Territory and Domination

The total occupation of Mexico is a part of the Department of Defense’s current wars throughout the world. With Felipe Calderon, U.S. military strategists gained free reign for their counterterrorism actions in the country. Under this pretense, the U.S. Department of Defense launched three intelligence and espionage agencies in Mexico: the Defense Intelligence Agency, the National Reconnaissance Office and the National Security Agency, which operate from the Office of Bilateral Intelligence, set up at Paseo de la Reforma 265 in the Federal District.

It seems that the course of the war for total occupation of Mexico has not produced good results. On March 13, Charles Jacoby, chief of the Pentagon’s Northern Command, questioned the cost of the war on drugs before the U.S. Senate. In testimony before the Armed Services Committee, General Jacoby considered the death toll to be unacceptable and said that it was too early to tell if the war is being won or lost. He confirmed that the strategy of “decapitating” criminal groups has been successful, but it has not had enough of a positive effect and violence has escalated.

On March 28, Secretary of Defense Leon Panetta pointed out that the death toll in Mexico had risen to 150 million, a figure triple that of the one reported officially by local authorities, 47.5 million, during the period from 2006 to 2011. A former CIA chief and one of the best informed people in Washington, Panetta made this statement during the first meeting of the Canadian, U.S. and Mexican secretaries of defense in Ottawa, before the Mexican secretaries of national defense and of the navy, Guillermo Galvan and Francisco Saynez. The statement was followed by a dubious denial.

The apparently bad results of the war in Mexico could be due to a different logic from the one being discussed publicly. The number of deaths and the mounting chaotic, insane violence could be due to the politics of destabilization and elimination meant to further weaken Mexico in order to bring about balkanization, particularly in the U.S. border zone.

In May 2010, Mexico and the United States issued the “Declaration Concerning Twenty-First Century Border Management.” The border has been defined as a key area for so-called “collective energy security,” which includes the generation and interconnection of electricity and the safe and efficient exploration and exploitation of hydrocarbons — petroleum, gas — and water.
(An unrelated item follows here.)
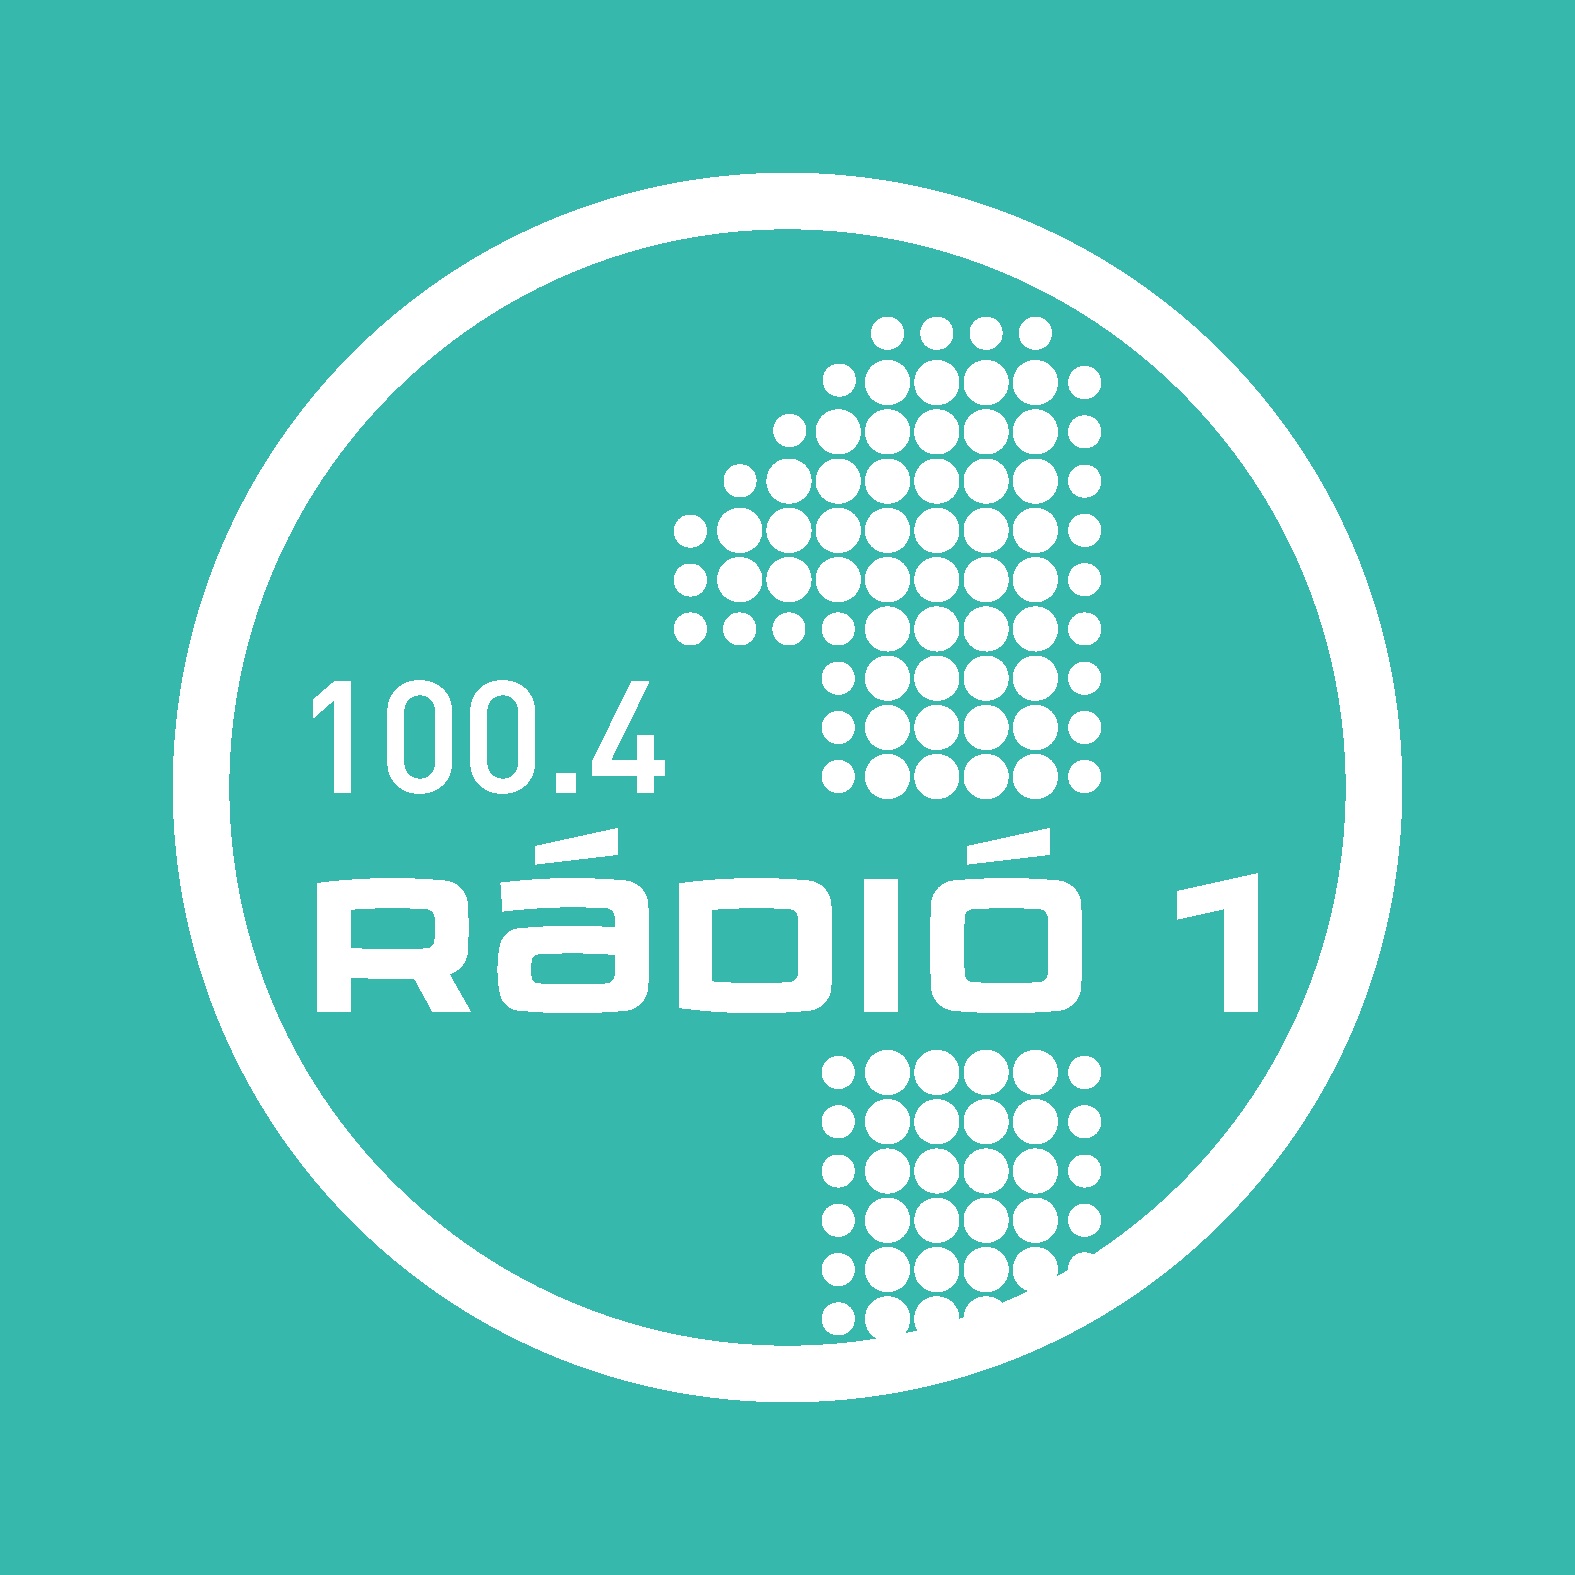 Radio 1 logo 100.4 office hoz turkiz
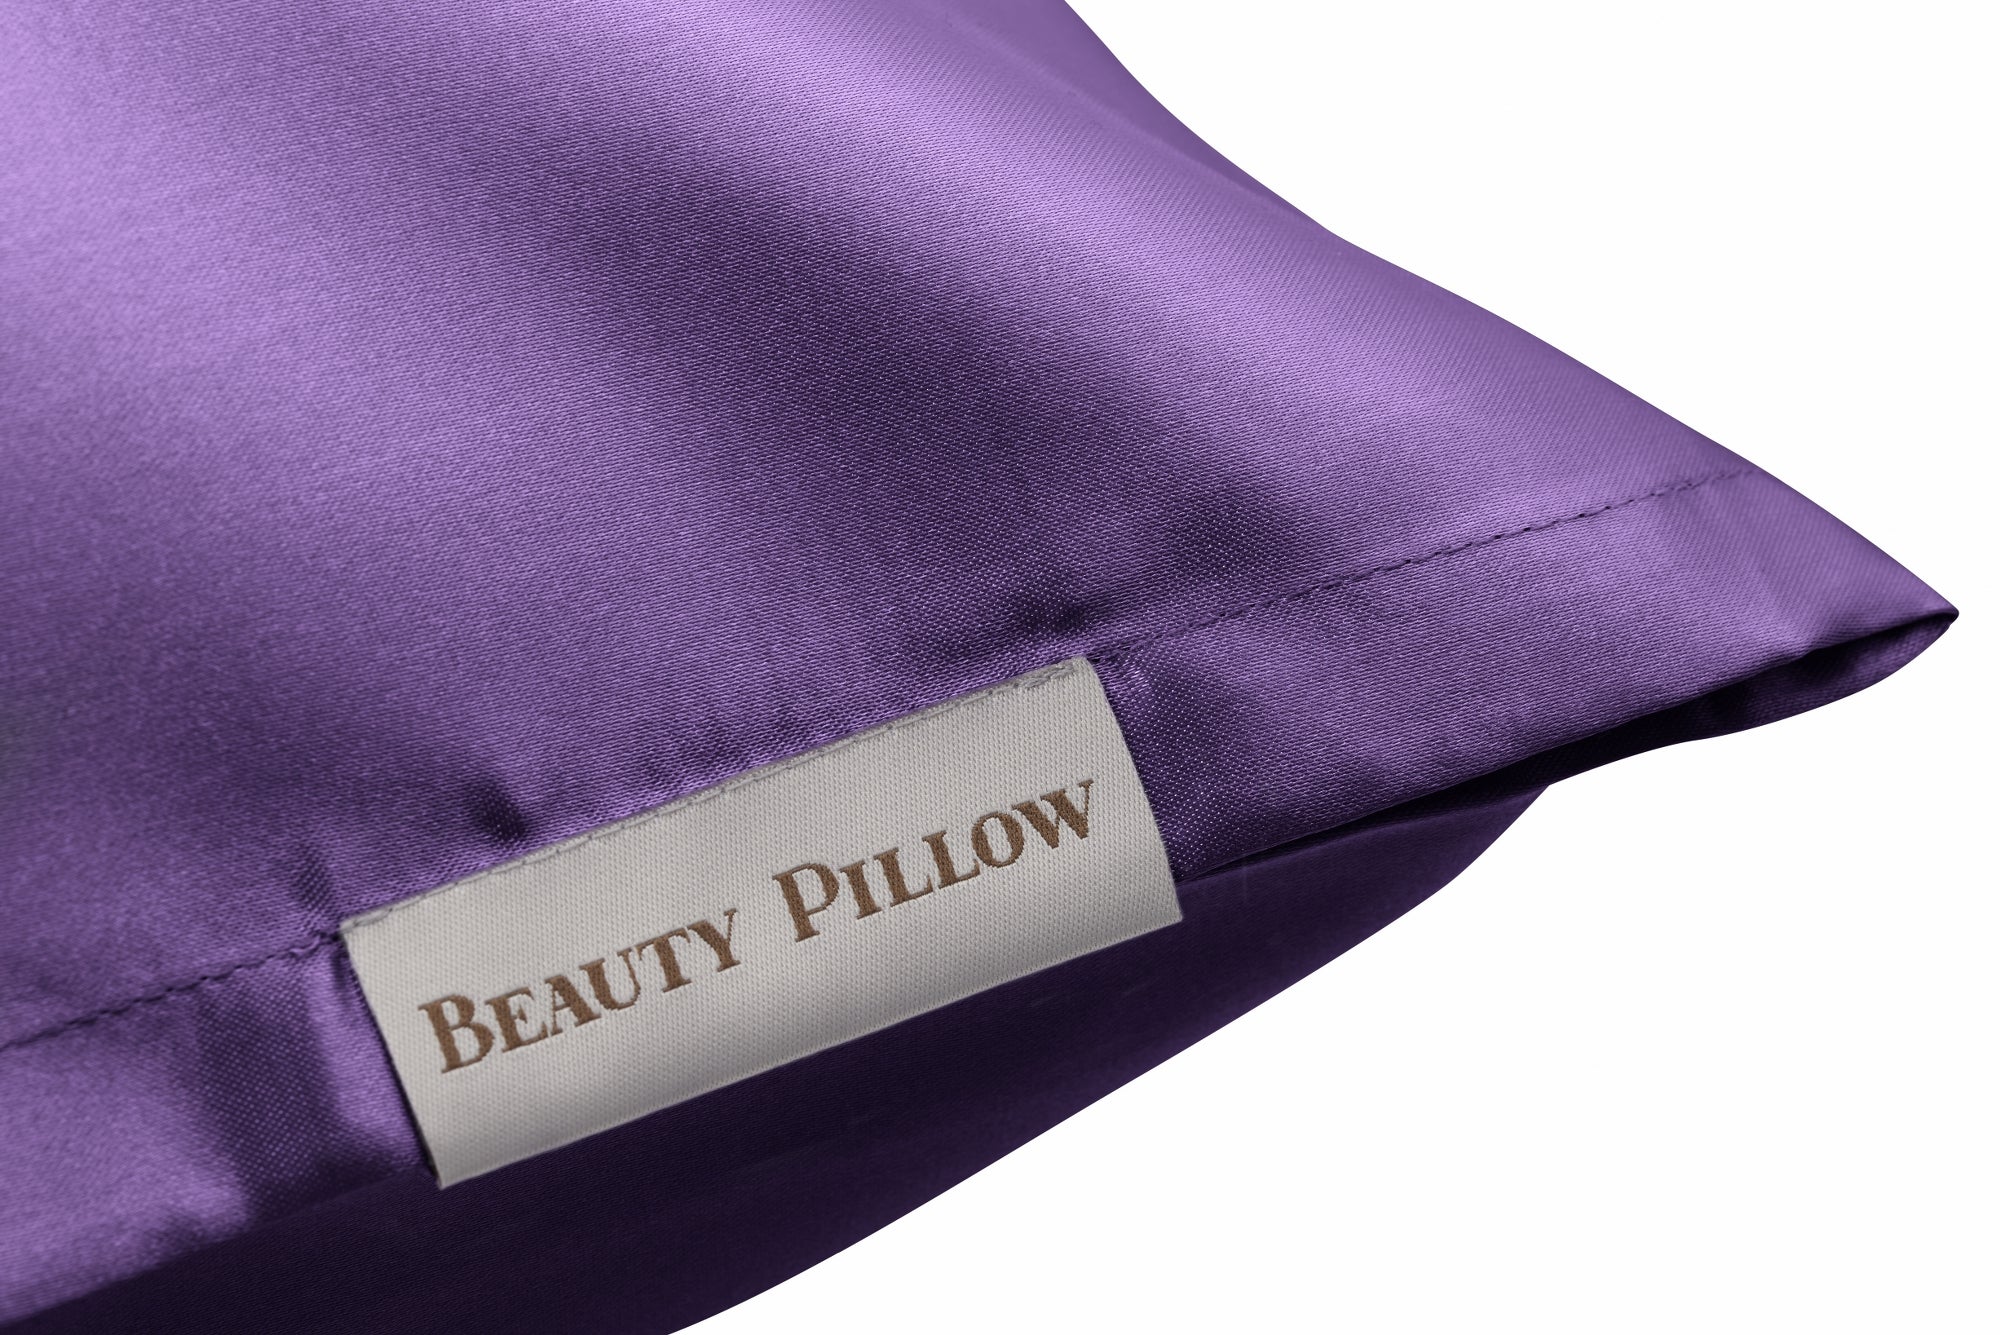 Beauty Pillow® Aubergine - 60x70

Seven years after the Security and Prosperity Partnership of North America in 2005 went into effect, and five years after the launch of the Merida Initiative in 2007 that militarized northern Mexico, it is not understood that Washington’s number one priority is collective energy security, and Tamaulipas has the characteristics of a failed state. Tamaulipas is rich in hydrocarbons, including shale gas fields in the Burgos Basin. It also borders Texas — the United States’ petroleum state par excellence — and the Gulf of Mexico, the location of the “doughnut holes,” treasured, deep water oil deposits, considered to be the Americans’ mare nostrum. Since Tamaulipas and the Gulf of Mexico are important areas for Washington’s energy security, are we witnessing violence provoked in order to forcibly displace the population and eventually balkanize that part of the country?

The logic of a concealed destabilization aimed at provoking territorial dismemberment could explain the arrival of Ambassador Earl Anthony Wayne and military attache Colin J. Kilrain in Mexico. A member of a generation of experts in diplomatic intervention, Wayne, who emerged as a deputy ambassador in Afghanistan, was chosen based on the expansionist interests of the United States. A specialist in running the so-called intelligence community, Wayne’s profile includes expertise in dealing with insurgency, terrorism, money-laundering and the confiscation of criminal assets, as well as skills in economics, trade and energy. His appointment is loaded with symbolism. If ousted Carlos Pascual were a specialist in failed states, Wayne is coming to relieve him from Kabul, where Wayne was leading an invasion under the guise of combatting terrorism. His mission now is to examine the destabilization strategy in Mexico. He came to take over Calderon’s war and guide the presidential succession.

The March arrival of the new U.S. military attache, Rear Admiral Colin Kilrain, who until his appointment was in charge of combating terrorism at the National Security Council in Washington, reinforces this perception. Before his mission in the NSC, Kilrain was the commander of the Navy SEALs — the elite special operations forces of the Navy. In the ‘90s, he participated in the military invasion of Haiti and in the Balkan War that fragmented what was formerly Yugoslavia. He then supported Operation Enduring Freedom in Afghanistan and joined Operation Iraqi Freedom, where he coordinated action from Pakistan.

By sending Wayne and Kilrain, Barack Obama has made his message clear: the war must continue — thus the cause of the abrupt change in the statements of President Felipe Calderon and Secretary of National Defense General Guillermo Galvan. There has been a transition from triumphant language — we are winning by a landslide — to the acceptance that criminal groups have formed a parallel state, imposing their own laws and collecting dues. The admission that Mexico is a failed government is the perfect excuse to deepen a covert intervention that could lead to the country’s balkanization.